Шрифт:
Интервал:
Закладка:
– Халат, – пробормотал Убахтин. Распахнутый на трупе красивый махровый халат, купленный на Канарских островах. «Тенерифе» – через всю спину шла яркая надпись. И тут же желтый пляж, синее море, белый парус, а на пляже красотки, на которых только шнурочки вместо купальников. Вернее, на них были купальники, но в виде шнурочков, исчезающих в складках юных тел. – А пояс от халата висел в ванной на крючке. Почему пояс находился в ванной, а не на теле хозяина, где он и должен был находиться? А потому, – сам себе ответил Убахтин, – что хозяин собирался принять душ, он уже вошел в ванную, уже повесил пояс на крючок.

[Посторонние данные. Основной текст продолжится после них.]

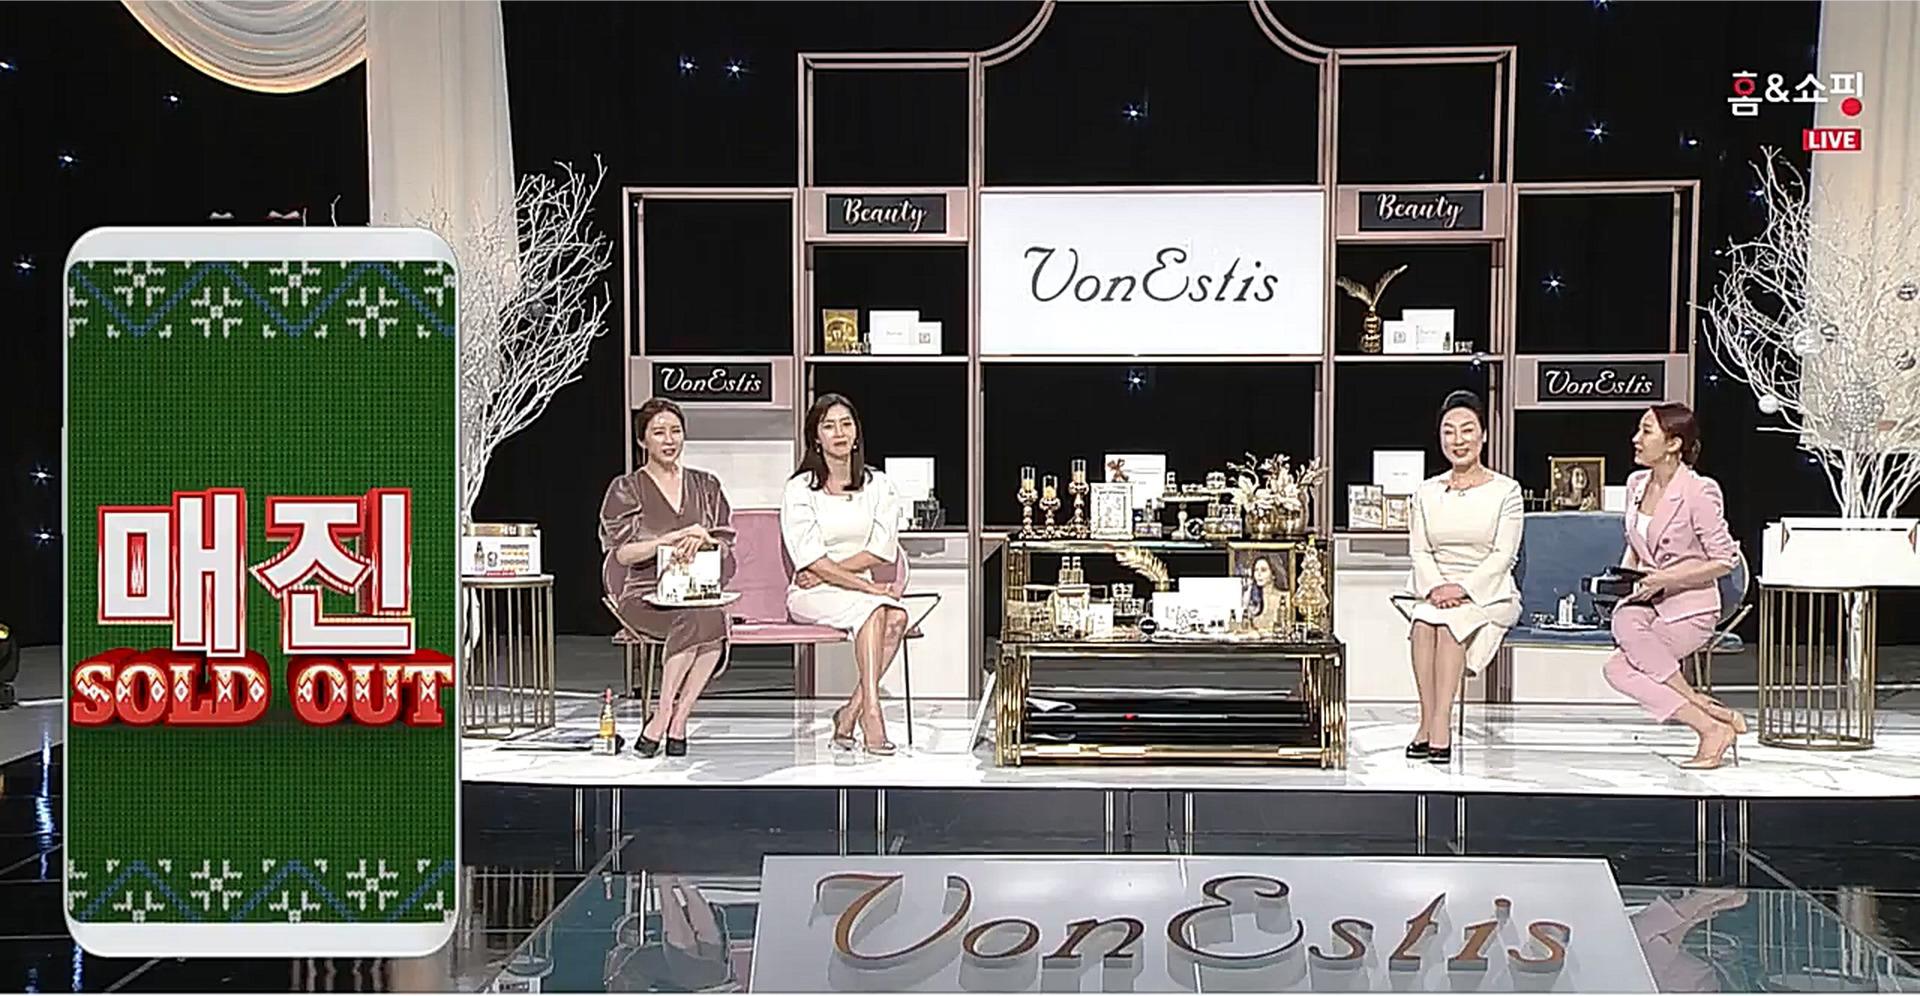 본에스티스 '파이테라피 트라이샷', 홈앤쇼핑 봄맞이 특집 생방송...

И в этот момент раздался звонок в дверь. Поздний гость не предупредил его телефонным звонком. Иначе Балмасов не стал бы раздеваться. Звонок в дверь был неожиданным. Не затягивая на себе пояс, Балмасов прошел в прихожую и посмотрел в глазок. За дверью стоял хорошо знакомый ему человек. Ну, просто очень знакомый. Потому что Балмасов не вернулся, чтобы повязать пояс, не надел на себя ничего более приличествующего... Значит, это был человек, которого он мог принять в распахнутом халате.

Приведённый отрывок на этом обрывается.